For example, a pathological liar may blame his partner for lying; a needy wife can call her husband “sticky” in an attempt to make him dependent on him; a bad employee may call the boss ineffective in order to avoid truthful talk about his own productivity.
Narcissistic sadists love to play "blame shifting." Goals of the game: they win, you lose, the result - you or the whole world is to blame for everything that happened to them. Thus, you have to nurse their fragile ego, and in response you are being pushed into a sea of uncertainty and self-criticism. Cool invented, yes?

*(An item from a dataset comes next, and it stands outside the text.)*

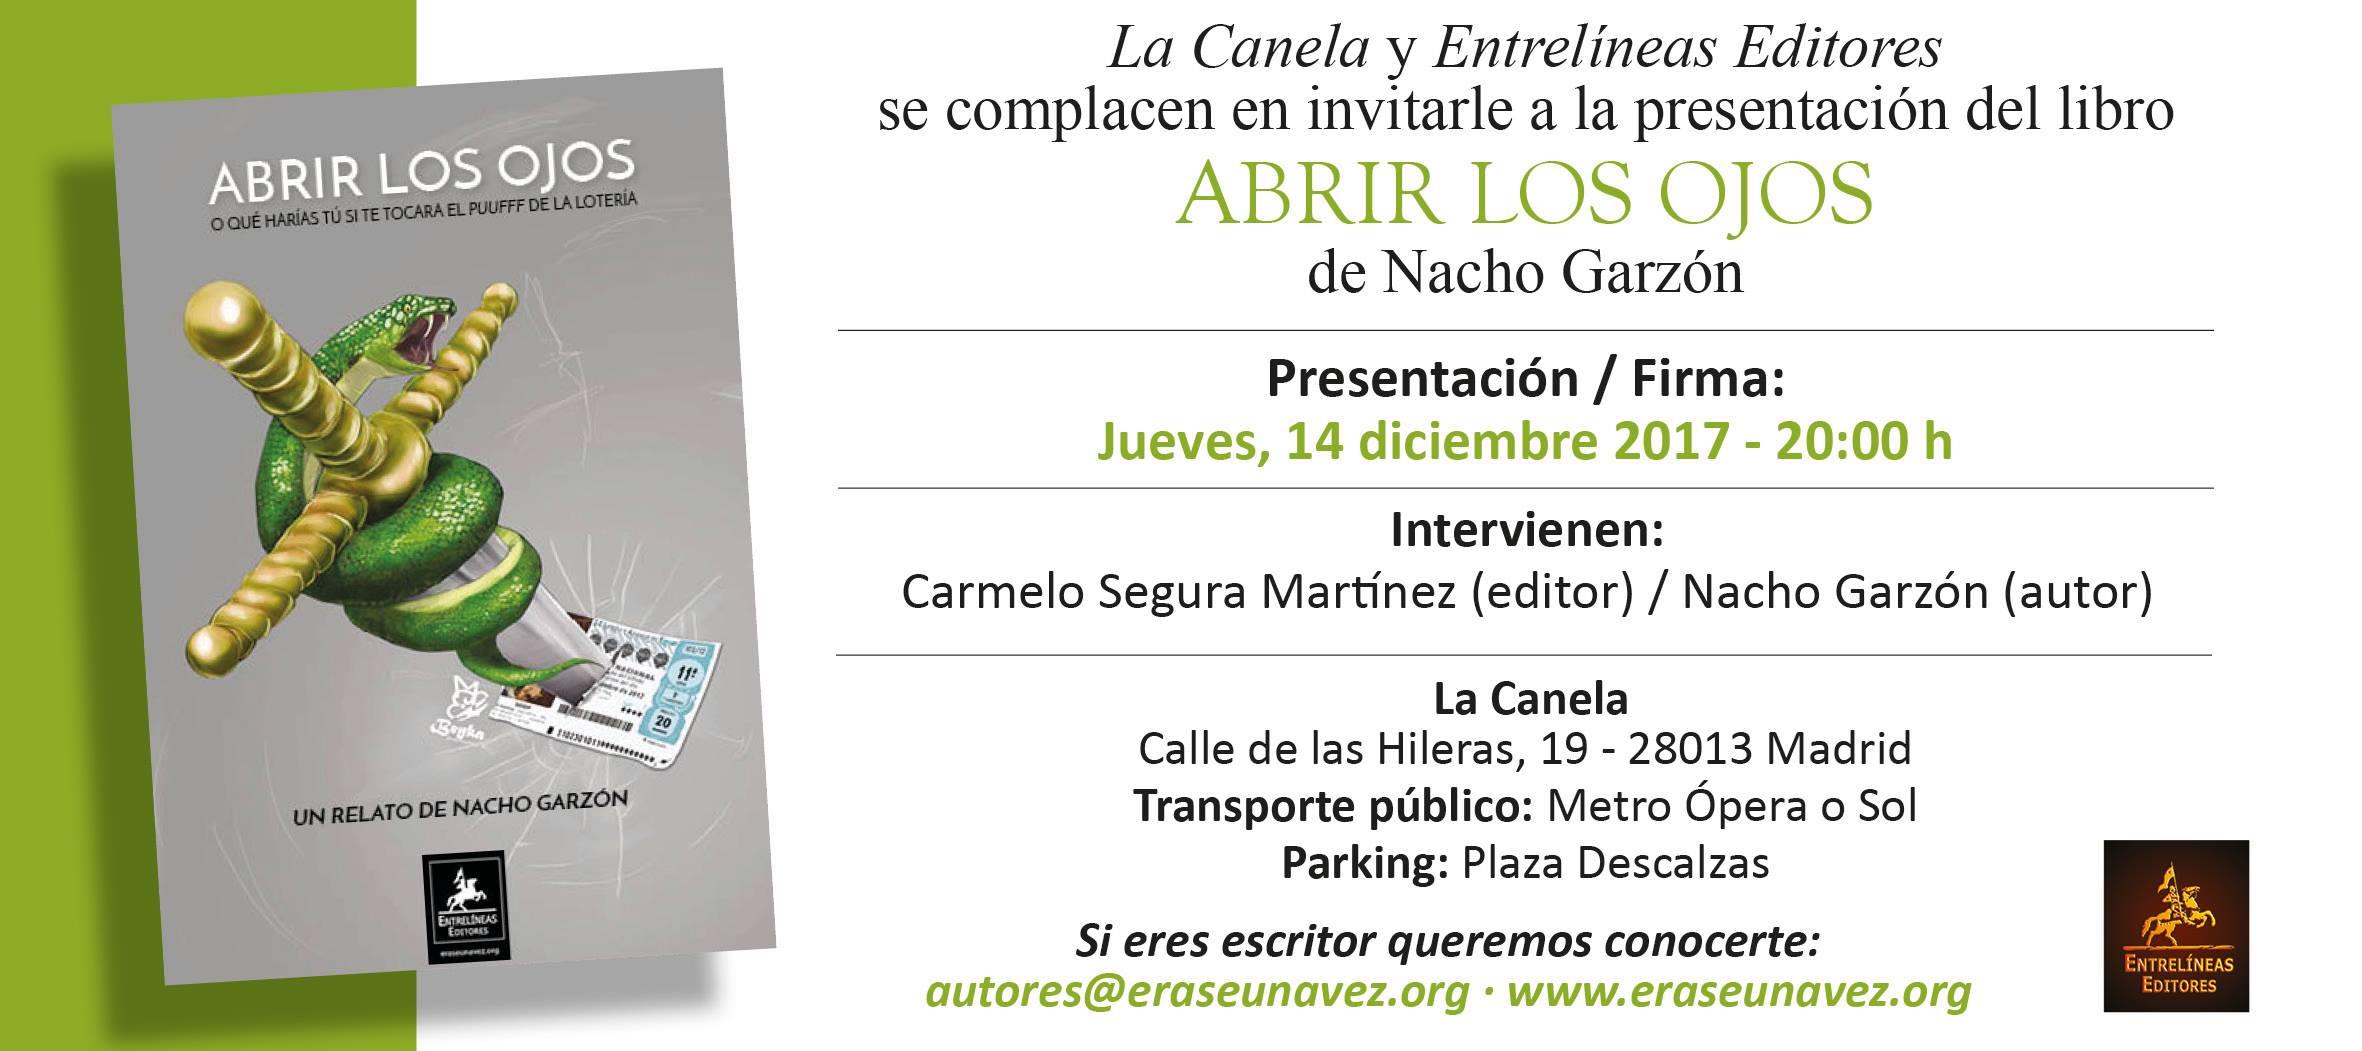 Fecha y portada de la presentación del libro

Decision? Do not “project” your own feeling of compassion or sympathy on a destructive person and do not accept his poisonous projections on yourself. As Dr. George Simon, a specialist in manipulation, writes in his book “In Sheep's Clothing” (2010), projecting one’s own conscientiousness and value system onto others may encourage further exploitation.
Daffodils at the extreme end of the spectrum, as a rule, have absolutely no interest in introspection and change. It is important to break off all relationships and relations with destructive people as soon as possible in order to rely on your own reality and begin to value yourself. You do not have to live in the cesspool of someone else's dysfunctions.
3. Hellish meaningless talk
If you hope for a thoughtful communication with a destructive personality, you will be disappointed: instead of an attentive interlocutor, you will get an epic brainwave.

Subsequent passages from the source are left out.